This bean chili offers the perfect balance of spice, protein, and healthy fats, making it an ideal diabetic-friendly holiday dish. The addition of avocado not only enhances the flavor but also provides healthy fats that help manage blood sugar levels.
Holiday Bean & Mushroom Casserole
This rich and creamy holiday casserole brings together beans and mushrooms for a savory, nutrient-dense dish that works as a side or main. It’s a low-carb, diabetic-friendly option that will satisfy guests looking for a healthy alternative.
Ingredients
- 1 cup cooked great northern beans
- 1 cup cooked black-eyed peas
- 2 cups fresh mushrooms, sliced
- 1 medium onion, chopped
- 2 garlic cloves, minced
- 1 tbsp olive oil
- 1/2 cup low-fat sour cream
- 1/2 cup low-sodium vegetable broth
- 1 tbsp fresh thyme leaves
- 1/2 cup shredded cheese (optional, for topping)

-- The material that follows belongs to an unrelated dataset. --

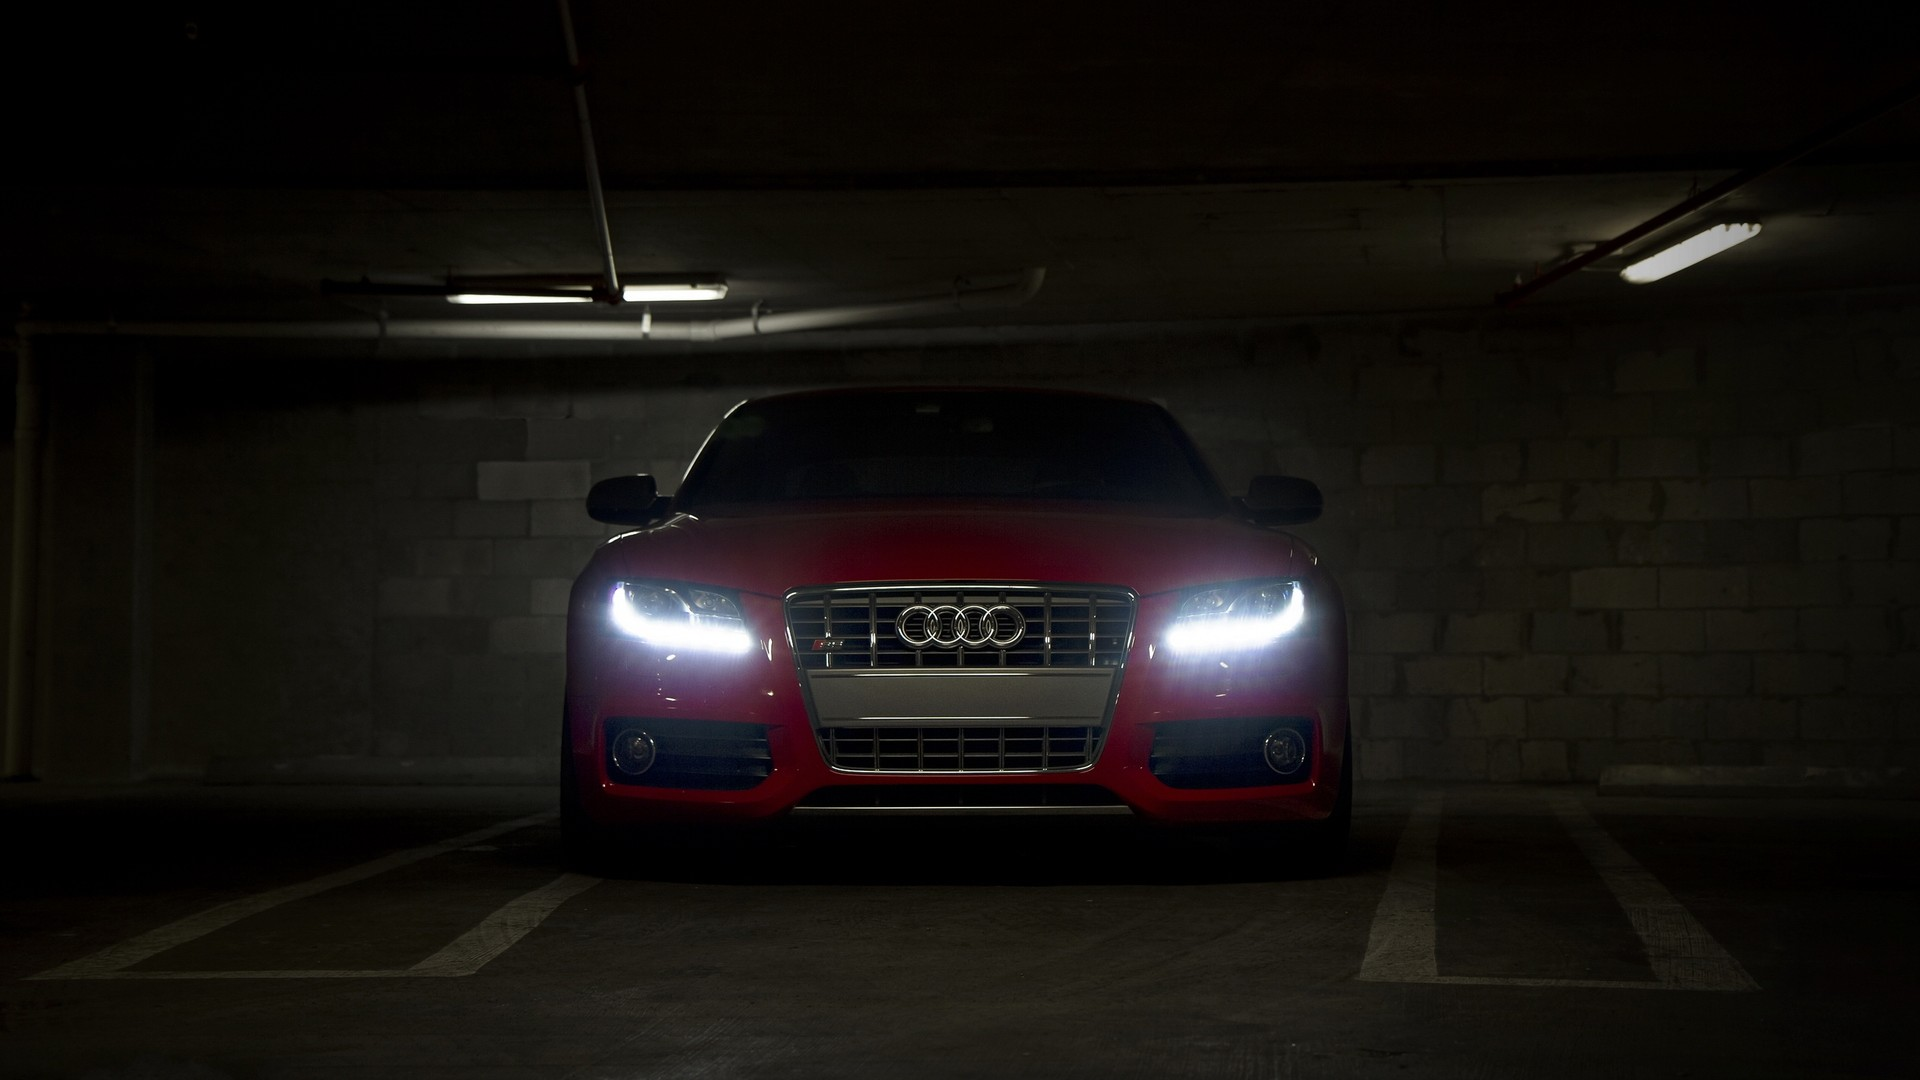 Audi Wallpaper Hd wallpaper   635890 1920x1080

- Salt and pepper to taste
Instructions
- Preheat your oven to 375°F (190°C).
- In a large skillet, heat olive oil over medium heat. Add the onion, garlic, and mushrooms, sautéing until the mushrooms are browned and softened.
- Stir in the great northern beans, black-eyed peas, vegetable broth, and fresh thyme. Simmer for 5 minutes to combine the flavors.
- Remove from heat and stir in the sour cream. Season with salt and pepper.
- Transfer the mixture to a casserole dish and top with shredded cheese if desired.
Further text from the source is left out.